The village was mentioned in the Doomsday Book as TELAGESTROP and at the time it was compiled the village was divided amongst several owners, including the Bishop of Lincoln. In 1115 it appears as TEDOLFORP and owes its name to the old English word “thaed” which meant people (tribe). “Thorpe” is from the Old Norse word which means an outlying settlement, such as a farm, so it is the “people’s farm”.
In the early 1800’s the population of Theddlethorpe was greater than the combined total of Mablethorpe and Sutton on Sea, that being around 400 compared with about 650 today.
Like then and still today one of the main industries is farming but the difference today is that there are very few people employed in the industry, the total land area being approximately 4000 acres. The soil is strong loam with clay subsoil, before much of the land was drained it was principally rich grazing land. Today a few examples of these “rig and furrow” fields can be still be identified.

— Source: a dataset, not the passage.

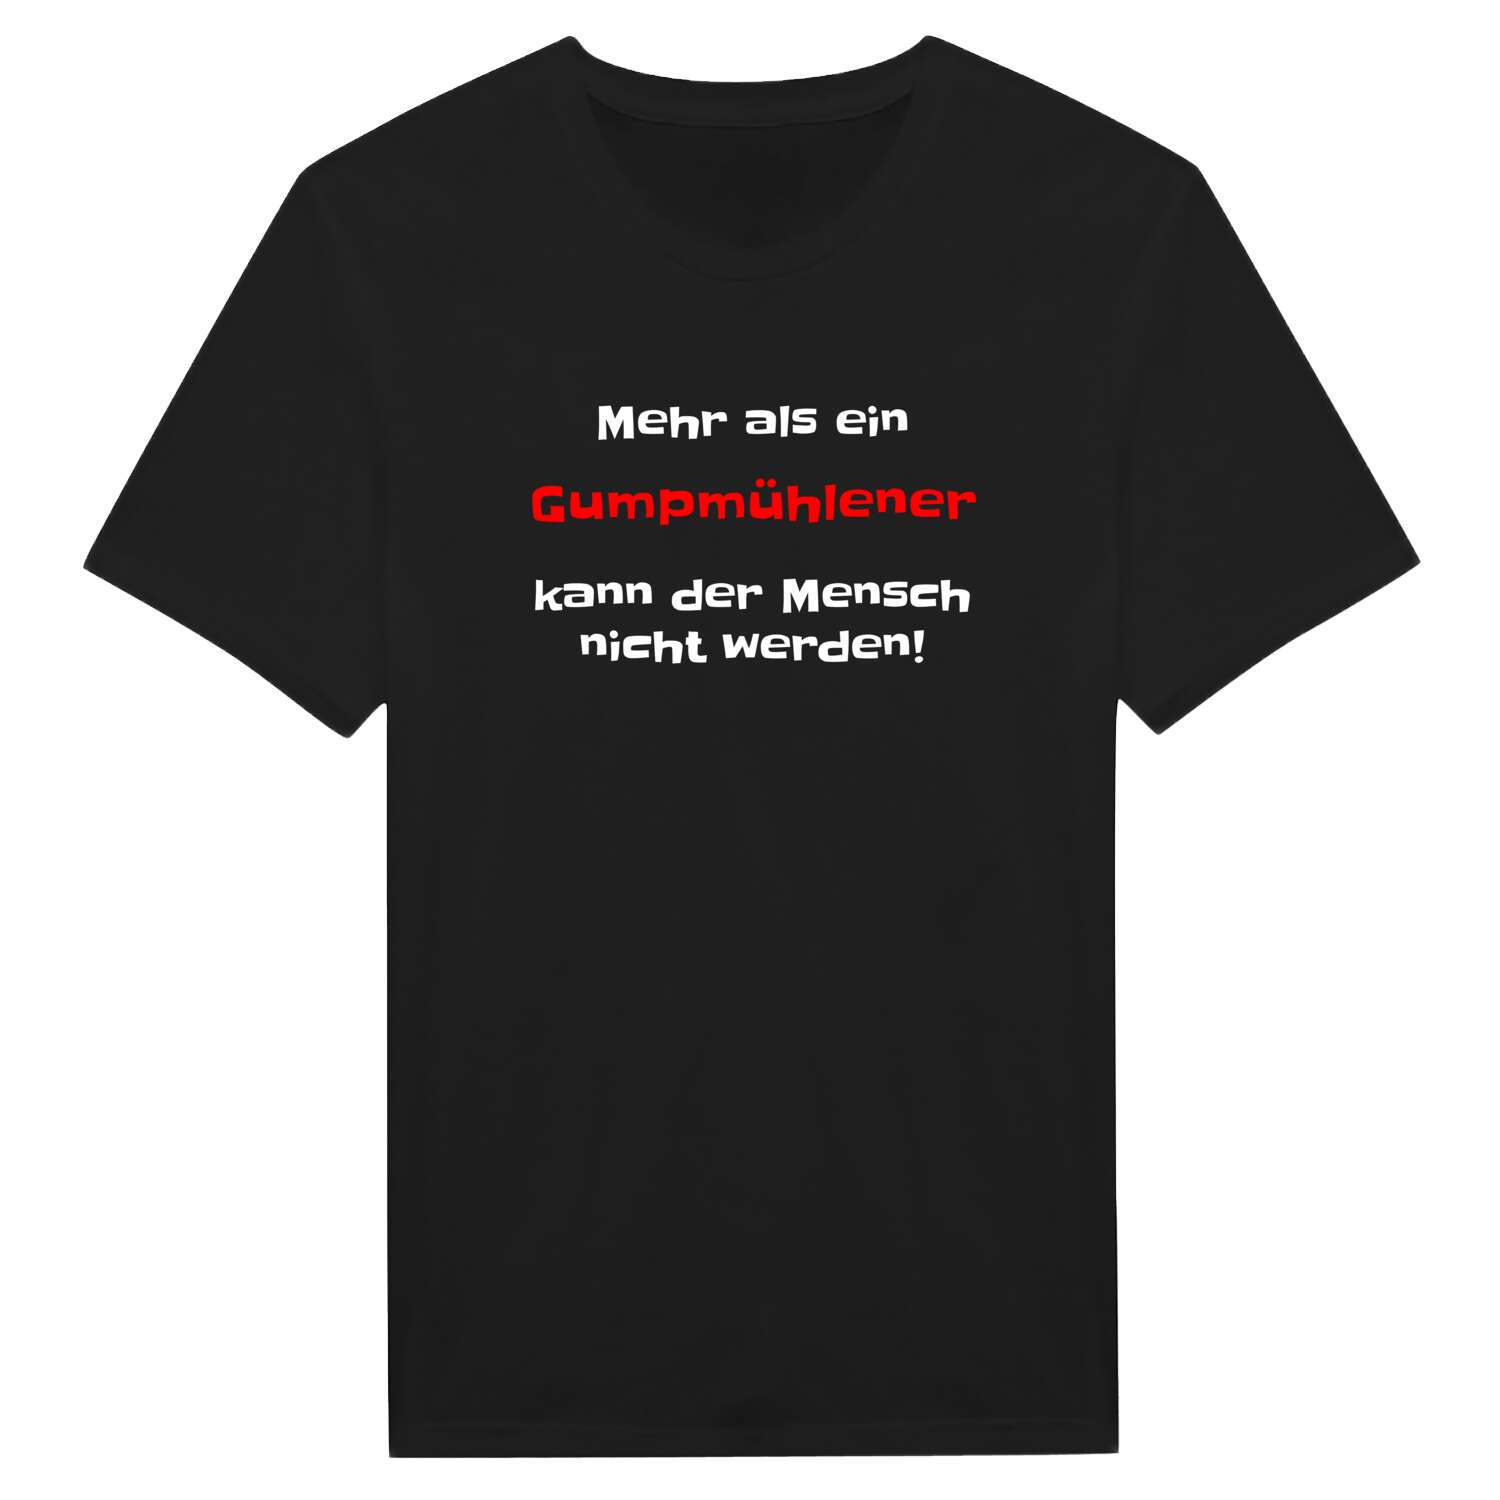 Gumpmühle T-Shirt »Mehr als ein«

No village is any good without an Inn. Theddlethorpe used to have three but only one the Kings Head remains. The others were “The Engine” in Mablethorpe Road and “The Ship” on the seaside of the village.
The village also has a popular Primary School and two churches.
The village can boast one of the best beaches in the County, there is a vast expanse of sand with the only down side the sea can be along way out.
The largest commercial organisation in the area is the National Grid Gas Terminal.
The National Nature Reserve Theddlethorpe Saltfleetby Dunes is a major coastal wildlife conservation area with 6 miles of dunes between Mablethorpe in the south and Saltfleet in the north. With car parking, trails and information signs it is an ideal family facility.